После него выступали ещё различные ораторы, и в конце концов, после долгих споров и большого шума, были выработаны следующие пункты: 1) немецкие фуггеры, высасывающие соки из государства, должны быть изгнаны; 2) Черенцес должен быть отставлен от своей должности; 3) иностранцы должны быть удалены от двора; 4) венецианский и имперский послы должны оставить страну; 5) в виду того, что выработанные до сих пор законы не применялись из-за небрежности правительства, в следующем году в Иванов день должен собраться совет в Гатване, на котором могут присутствовать все дворяне, причём они должны быть вооружены, чтобы сразу оттуда выступить в поход против турок.

Эти и ещё некоторые пункты были представлены королю на утверждение. Затем большая часть членов собрания разъехалась по домам. В Офене осталось только небольшое число дворян, ожидавших королевского решения.

Перед тем, как депутация появилась в замке, кто-то подбросил королеве записку, в которой перечислялись все пункты, выработанные сеймом. Никто не знал, кто прислал эту записку, так как почерк никому не был известен.

Королева поспешила к Людовику и кратко и решительно объяснила ему, как он должен себя вести, и тогда только допустила депутацию. Вербочи прочёл вышеозначенные пункты; когда он кончил, король с достоинством произнёс:

— Мы не разделяем взглядов нашего верного дворянства и не можем одобрить выработанные им пункты. Вместо собрания в Гатване мы назначаем новое заседание сейма на двадцать третье апреля. Будьте уверены в нашем королевском благорасположении. Всего хорошего!

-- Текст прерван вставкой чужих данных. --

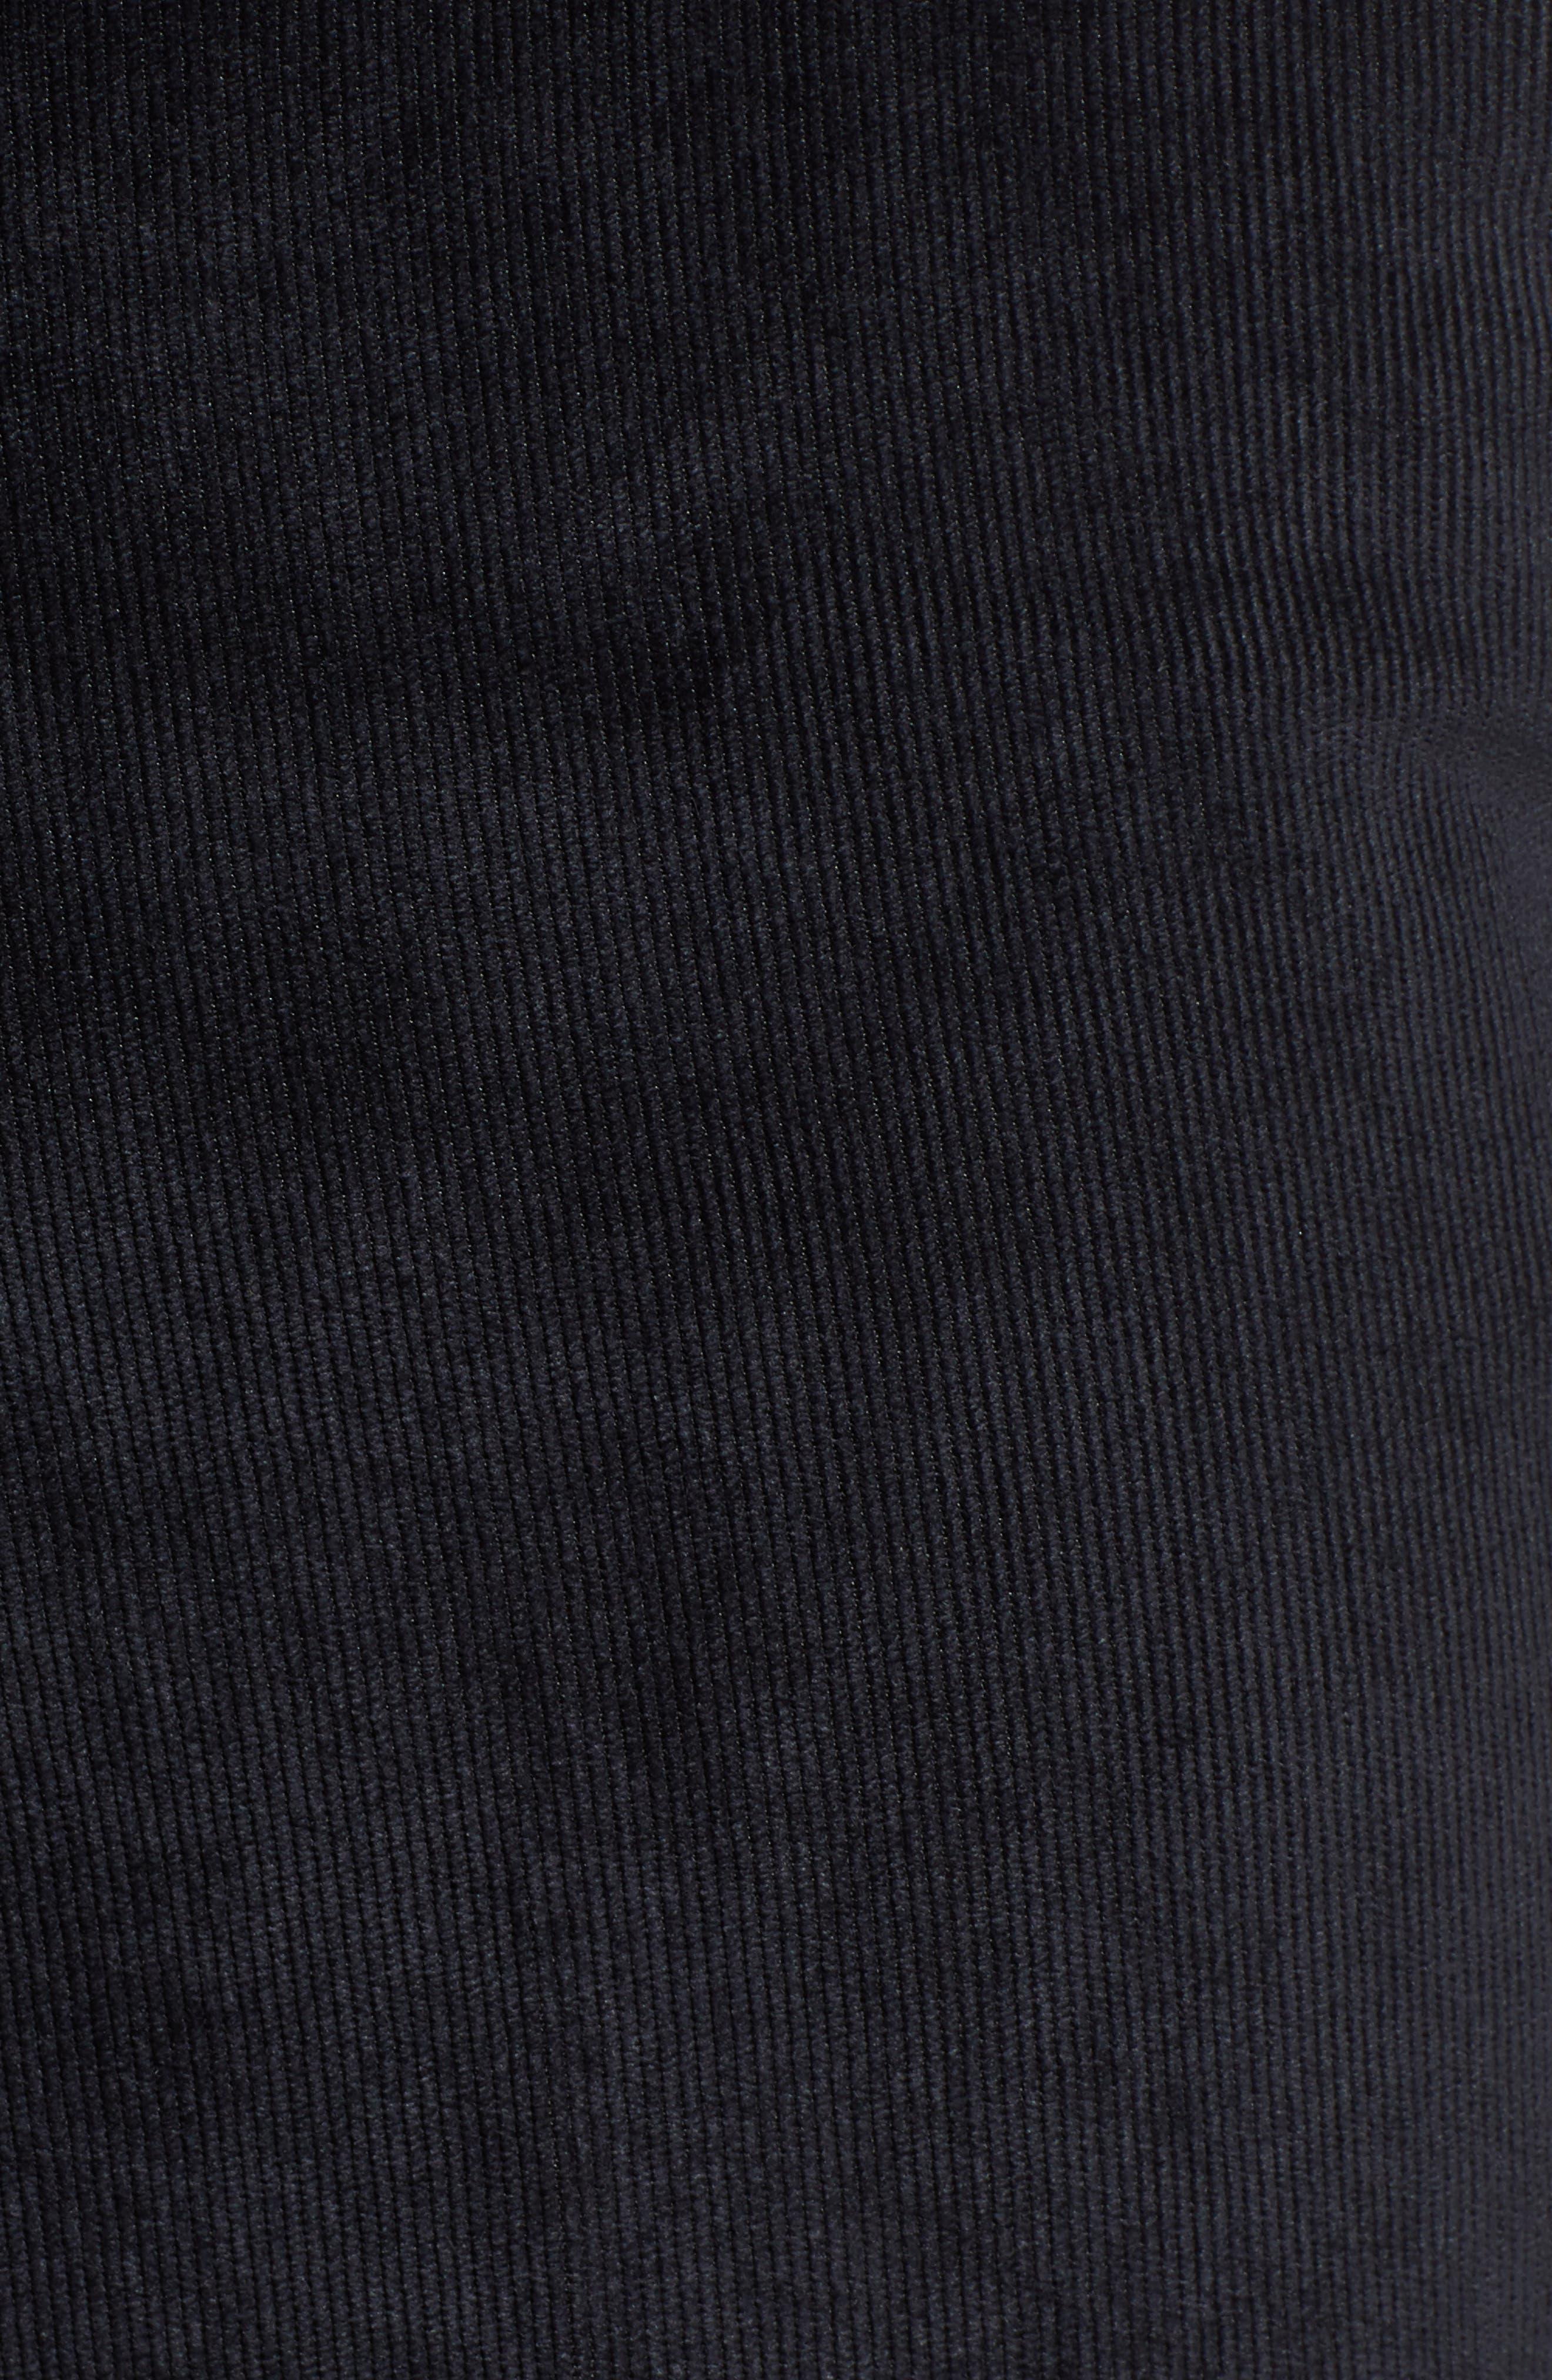 Classic Fit Flat Front Corduroy Trousers,                             Alternate thumbnail 5, color,                             BLACK

Депутация поклонилась и безмолвно удалилась.

Королевское решение произвело сильное волнение среди дворянства, собравшегося в одном из кабачков Пешта. Некоторые из них хотели штурмовать замок, заставить короля утвердить постановления сейма и захватить королеву. Другие советовали осадить Офен и прекратить подвоз съестных припасов.